Switzerland was one of the least likely countries in Europe to succumb to fascism as its democracy had deep roots, it lacked a frustrated nationalism, had a high standard of living, wide distribution of property ownership and a secure economy. Despite this, before World War II a number of far right and fascist groups existed in Switzerland.

The earliest of these was Eugen Bircher's Schweizerischer Vaterländischer Verband, established in 1918. Gaining some influential members, it lasted until 1947. It was linked to the Heimatwehr, an antisemitic group established in 1925. Das Aufgebot, formed in 1933 by Jacob Lorenz, enjoyed some lower middle class support by advocating collaboration with Nazi Germany. Franz Burri advocated a similar closeness and led a variety of movements including Bund der Schweizer in Grossdeutschland (1941), Nationalsozialistischer Schweizerbund and the Nationalsozialistische Bewegung in der Schweiz (both 1942).

By 1937 there were effectively three main language-specific groups i.e. the National Front (formed 1933) for German speakers, the Union Nationale for French speakers and the Lega Nazionale Ticinese for Italian speakers, with the latter two active in Romansh areas. Of these, only the National Front managed to gain any real support. Other minor, pro-Nazi, fascist or far right groups that were active included:

- The Swiss branch of the NSDAP under Wilhelm Gustloff.
- Bund für Volk und Heimat – a Christian ultra-right group under Rudolf Grob, Samuel Haas and Walter Wili.
- Bund treuer Eidgenossen nationalsozialistischer Weltanschauung – a more avowedly pro-Nazi breakaway from the National Front under former leader Rolf Henne. This group was superseded by the Nationale Bewegung der Schweiz in 1940.
- Eidgenössische Front – an antisemitic group run by Heinrich Eugen Wechlin between 1933 and 1938.
- Eidgenössische Soziale Arbeiterpartei – a Zurich-based group active from 1936 to 1940 under Ernst Hofmann (1912-1986).
- Schweizerische Faschistische Bewegung – the movement of Benito Mussolini follower Arthur Fonjallaz.

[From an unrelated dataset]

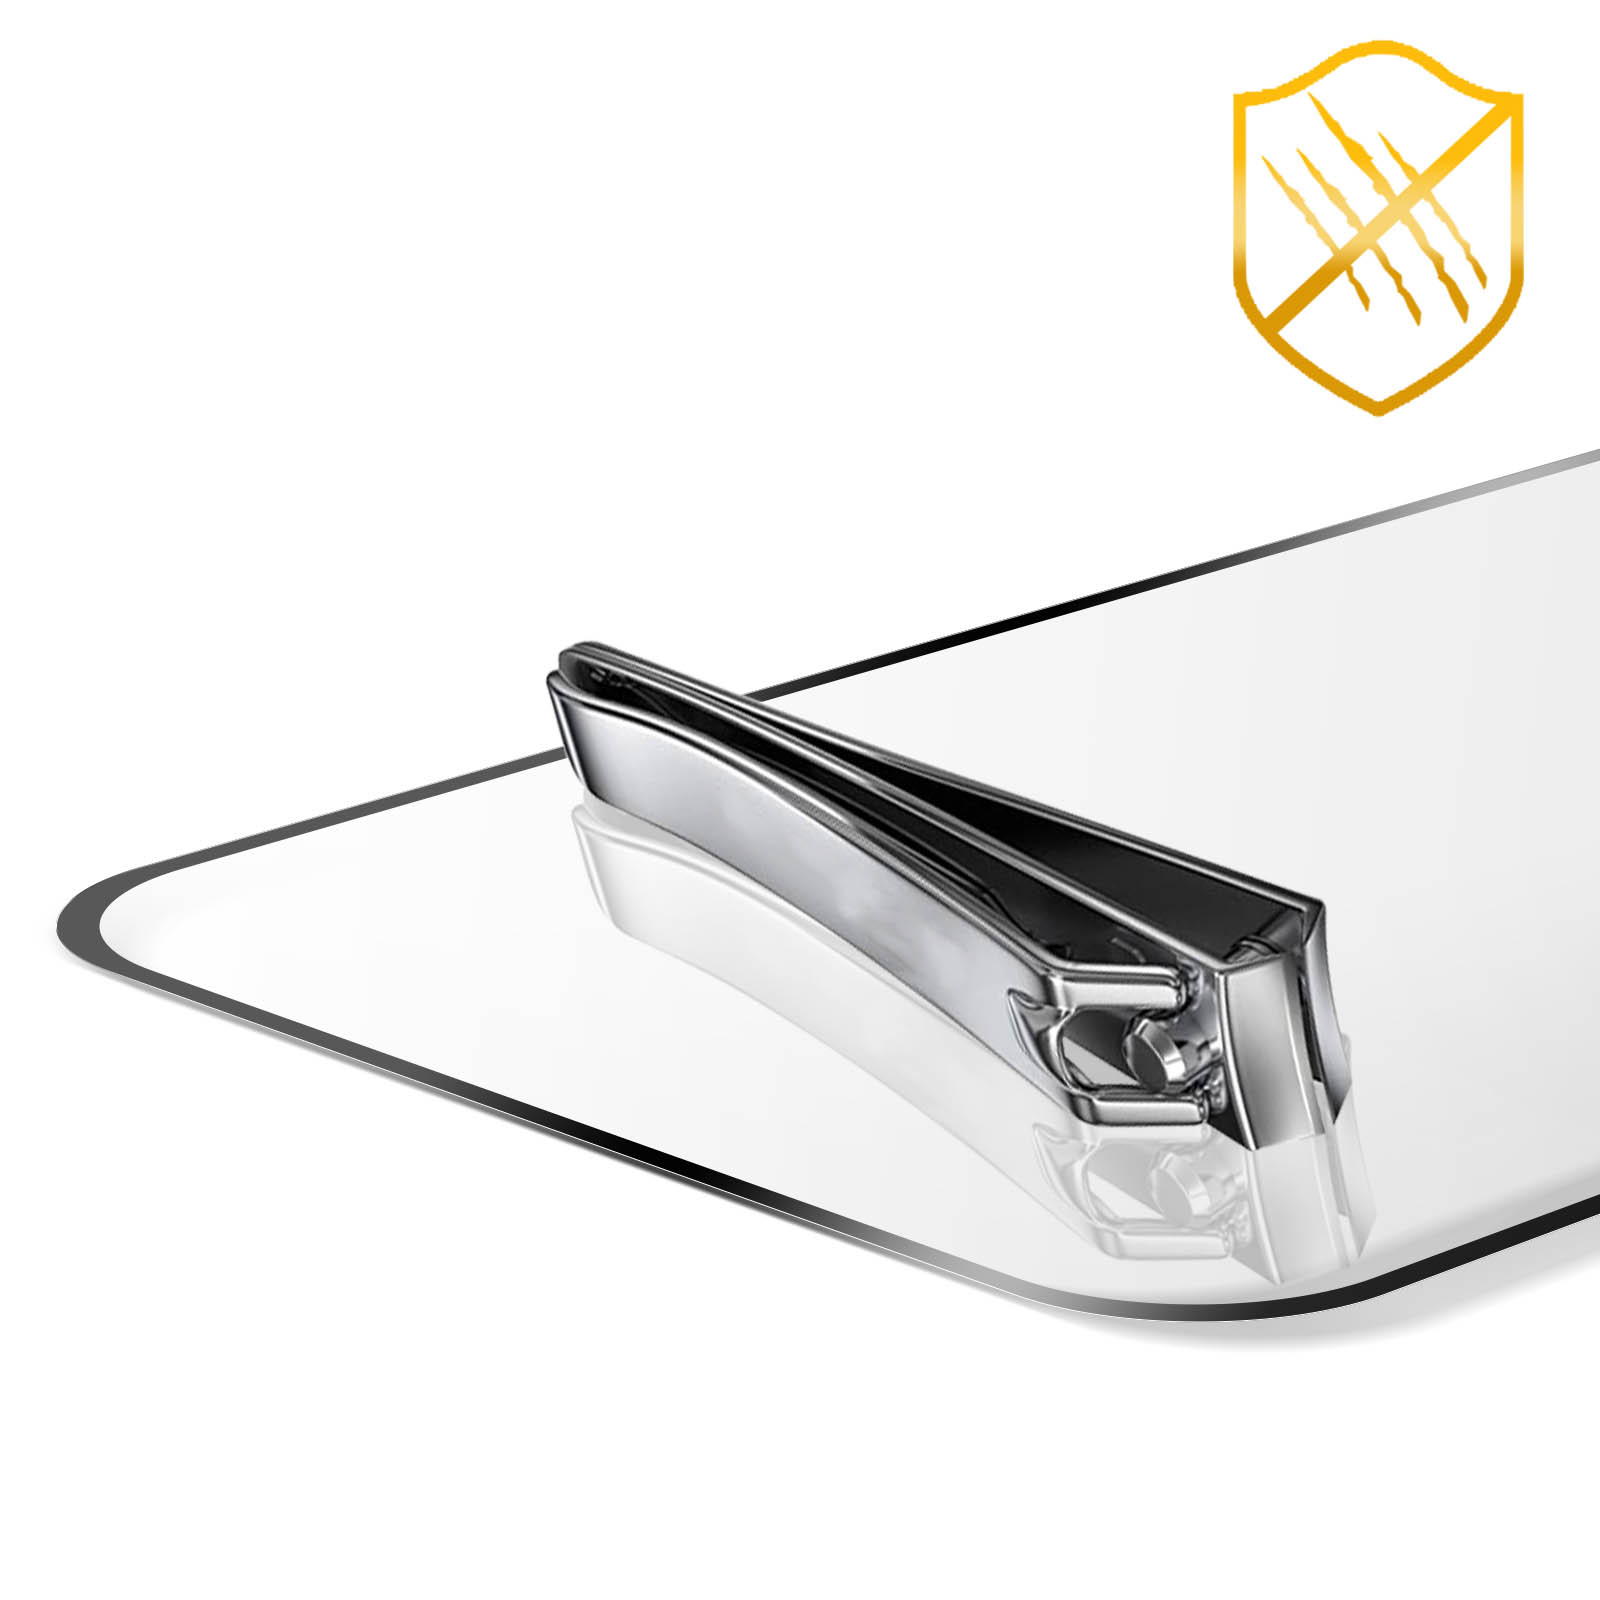 Tiger Glass Plus Verre Trempé 9H+ Apple iPhone 13 / 13 Pro

It grew from his previous groups Helvetische Aktion and the Federation Fasciste Suisse.
- Katholische Front / Front der militanten Katholiken – two pro-Nazi Roman Catholic movements led by brothers Karl and Fridolin Weder.
- Nationalsozialistische Schweizerische Arbeitspartei – a mimetic Nazi group, also known as the Volksbund, led by Major Ernst Leonhardt.

A number of pro-Nazi parties and organizations persisted well into World War II. In the course of the war, however, these pro-Nazi became very unpopular and were effectively driven underground, the National Front and its successor group the Eidgenössische Sammlung were banned in 1943.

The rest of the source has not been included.